This particular image was a "runner up" for a nocturnal project that I participated in. At the time, I opted to include a different image because it had more of the sky and clouds, which is what I was really trying to shoot, not more of the tree (or TREE) like this one. Although, I do think this is an ok image on it's own, it just didn't convey the "nighttime sky" feeling I was going for at the time. (I do think it fits the current theme, "tree," quite well though.)

This is, in case you couldn't tell, only the top of TREE. Sorry but TREE's just too big to fit himself into one frame of film.

Until next wooden sky touching green leafed thing-a-ma-jig...

Thursday, February 09, 2006

EEew I Touched It/I Use Film

WhiteMaskGoldTrim, originally uploaded by carolWorldLeader.

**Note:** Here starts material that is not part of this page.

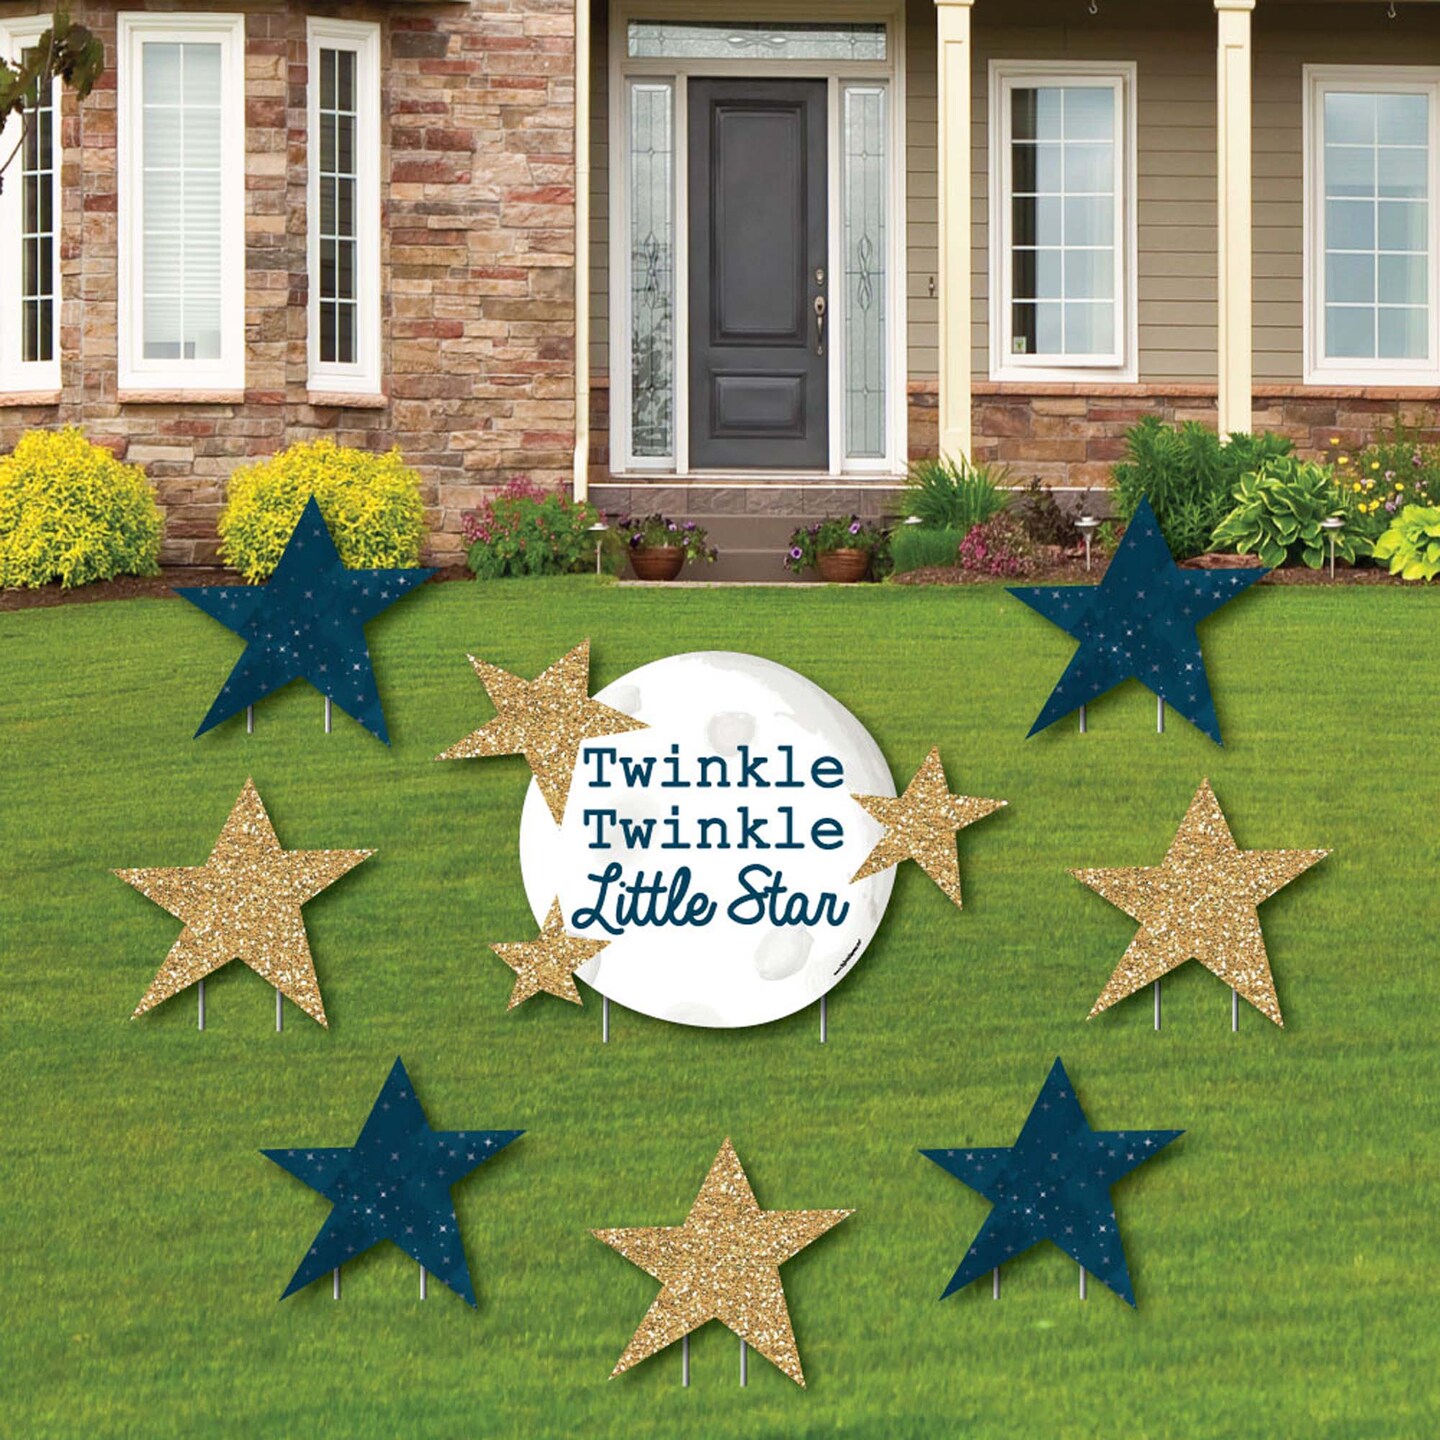 Big Dot of Happiness Twinkle Twinkle Little Star - Yard Sign &#x26; Outdoor Lawn Decorations - Baby Shower or Birthday Party Yard Signs - Set of 8

One of the "extras," the nice little perks if you will, of running a website (actually, a blog) like this is that, apart from learning all sorts of new and informative things, I occasionally get free stuff. Lately, I've been getting more than my fair share of free stuff. (For some unknown reason, I've been getting lots and lots of free stuff recently. Thank you, my snowflakes, who keep sending me free stuff. I do appreciate it.)

The latest arriving garb is a Utata.org T-Shirt (Thanks!) and a shirt that reads (I swear I'm not making this up) "I Use Film!"

Funny thing about that last one, except for my Polaroids (which aren't really...Ok, I'm going to come right out and say it...Polaroids don't really count as "film," because, well they really aren't-you don't have to develop them like "normal" film, the images on them just sort of sit there and "mush out" by themselves, so they don't really count as "film" now, do they?) I almost never really do use film.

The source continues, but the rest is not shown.